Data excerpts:
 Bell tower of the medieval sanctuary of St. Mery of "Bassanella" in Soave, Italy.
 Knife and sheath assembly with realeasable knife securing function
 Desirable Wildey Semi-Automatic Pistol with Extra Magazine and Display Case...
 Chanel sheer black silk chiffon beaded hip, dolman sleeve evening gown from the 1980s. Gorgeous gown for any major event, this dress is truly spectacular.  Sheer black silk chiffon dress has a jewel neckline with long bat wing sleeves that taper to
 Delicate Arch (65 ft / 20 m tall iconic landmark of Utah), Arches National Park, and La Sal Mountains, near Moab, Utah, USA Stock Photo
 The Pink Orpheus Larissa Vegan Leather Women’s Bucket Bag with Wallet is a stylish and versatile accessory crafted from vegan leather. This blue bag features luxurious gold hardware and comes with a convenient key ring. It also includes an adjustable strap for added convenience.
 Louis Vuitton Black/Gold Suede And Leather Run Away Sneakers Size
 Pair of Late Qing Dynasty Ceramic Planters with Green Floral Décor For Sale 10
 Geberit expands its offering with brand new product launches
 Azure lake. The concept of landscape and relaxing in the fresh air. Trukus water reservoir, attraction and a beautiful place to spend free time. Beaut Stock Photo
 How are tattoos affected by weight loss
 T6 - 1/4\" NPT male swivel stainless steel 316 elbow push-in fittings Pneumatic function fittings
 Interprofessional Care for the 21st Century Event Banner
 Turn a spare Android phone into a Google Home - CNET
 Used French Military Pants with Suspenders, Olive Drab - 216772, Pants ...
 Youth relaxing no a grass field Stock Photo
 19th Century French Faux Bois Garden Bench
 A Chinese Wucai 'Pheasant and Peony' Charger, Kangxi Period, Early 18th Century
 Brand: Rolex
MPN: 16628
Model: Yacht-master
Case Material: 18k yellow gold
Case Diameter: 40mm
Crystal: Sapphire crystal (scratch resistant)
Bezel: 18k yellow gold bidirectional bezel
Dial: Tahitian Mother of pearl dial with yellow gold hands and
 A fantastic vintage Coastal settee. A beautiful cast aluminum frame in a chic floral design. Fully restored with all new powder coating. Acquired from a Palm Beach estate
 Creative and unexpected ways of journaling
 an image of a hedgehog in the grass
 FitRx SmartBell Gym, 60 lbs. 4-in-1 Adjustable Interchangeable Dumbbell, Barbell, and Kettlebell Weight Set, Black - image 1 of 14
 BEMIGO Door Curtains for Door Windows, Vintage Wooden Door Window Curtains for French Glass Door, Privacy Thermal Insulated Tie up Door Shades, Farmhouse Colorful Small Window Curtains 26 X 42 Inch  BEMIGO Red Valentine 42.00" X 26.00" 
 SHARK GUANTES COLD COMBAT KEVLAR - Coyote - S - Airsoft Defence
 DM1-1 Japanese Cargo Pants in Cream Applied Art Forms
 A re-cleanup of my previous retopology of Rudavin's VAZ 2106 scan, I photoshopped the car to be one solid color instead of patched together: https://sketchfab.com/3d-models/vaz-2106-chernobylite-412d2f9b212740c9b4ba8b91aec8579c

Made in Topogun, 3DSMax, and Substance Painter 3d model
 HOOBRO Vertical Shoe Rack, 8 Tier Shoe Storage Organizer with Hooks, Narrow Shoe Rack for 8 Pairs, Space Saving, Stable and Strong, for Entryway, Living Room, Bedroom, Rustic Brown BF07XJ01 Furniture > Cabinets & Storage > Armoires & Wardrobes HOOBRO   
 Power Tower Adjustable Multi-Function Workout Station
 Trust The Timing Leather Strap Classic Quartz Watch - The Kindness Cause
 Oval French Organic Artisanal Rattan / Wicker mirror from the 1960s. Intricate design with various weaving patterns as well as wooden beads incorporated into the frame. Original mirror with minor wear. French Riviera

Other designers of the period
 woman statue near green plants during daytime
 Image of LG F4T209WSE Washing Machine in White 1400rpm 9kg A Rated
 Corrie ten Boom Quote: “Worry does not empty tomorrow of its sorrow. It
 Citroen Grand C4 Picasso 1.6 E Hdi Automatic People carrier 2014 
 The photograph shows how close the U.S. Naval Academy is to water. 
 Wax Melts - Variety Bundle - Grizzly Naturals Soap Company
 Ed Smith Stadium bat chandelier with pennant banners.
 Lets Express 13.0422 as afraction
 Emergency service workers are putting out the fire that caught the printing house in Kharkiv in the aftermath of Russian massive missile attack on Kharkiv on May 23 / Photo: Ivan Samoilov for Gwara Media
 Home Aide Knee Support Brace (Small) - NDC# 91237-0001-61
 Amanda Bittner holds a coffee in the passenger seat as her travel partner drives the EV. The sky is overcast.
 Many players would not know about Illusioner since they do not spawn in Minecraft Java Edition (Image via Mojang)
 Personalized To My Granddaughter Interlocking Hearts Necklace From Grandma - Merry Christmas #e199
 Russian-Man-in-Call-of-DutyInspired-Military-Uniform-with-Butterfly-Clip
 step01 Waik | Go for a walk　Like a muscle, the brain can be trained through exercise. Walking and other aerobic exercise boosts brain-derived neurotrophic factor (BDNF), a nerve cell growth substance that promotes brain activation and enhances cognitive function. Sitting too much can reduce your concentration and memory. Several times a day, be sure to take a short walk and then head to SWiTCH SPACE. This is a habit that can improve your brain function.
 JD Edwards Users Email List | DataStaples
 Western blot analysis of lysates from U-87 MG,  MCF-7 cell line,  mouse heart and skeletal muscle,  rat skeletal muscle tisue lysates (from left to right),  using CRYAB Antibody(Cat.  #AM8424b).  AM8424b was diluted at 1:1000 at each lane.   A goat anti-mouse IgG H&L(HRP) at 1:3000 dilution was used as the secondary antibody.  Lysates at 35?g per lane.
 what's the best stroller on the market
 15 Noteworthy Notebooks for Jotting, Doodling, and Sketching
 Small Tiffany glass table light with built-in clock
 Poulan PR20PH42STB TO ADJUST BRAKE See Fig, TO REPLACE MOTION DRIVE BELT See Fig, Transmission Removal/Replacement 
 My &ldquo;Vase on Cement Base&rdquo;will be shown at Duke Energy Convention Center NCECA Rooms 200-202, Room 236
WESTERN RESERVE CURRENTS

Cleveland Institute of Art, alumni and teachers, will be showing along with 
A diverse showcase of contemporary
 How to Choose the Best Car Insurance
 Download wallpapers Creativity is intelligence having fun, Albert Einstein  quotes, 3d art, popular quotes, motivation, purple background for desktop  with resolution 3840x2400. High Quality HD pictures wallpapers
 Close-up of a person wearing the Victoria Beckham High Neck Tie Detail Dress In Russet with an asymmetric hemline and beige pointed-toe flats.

**EXERCISE**
The expected answer is a copy of each line in the records that holds the word "Military".

**SOLUTION FOR THIS TASK**
 Used French Military Pants with Suspenders, Olive Drab - 216772, Pants ...
 Russian-Man-in-Call-of-DutyInspired-Military-Uniform-with-Butterfly-Clip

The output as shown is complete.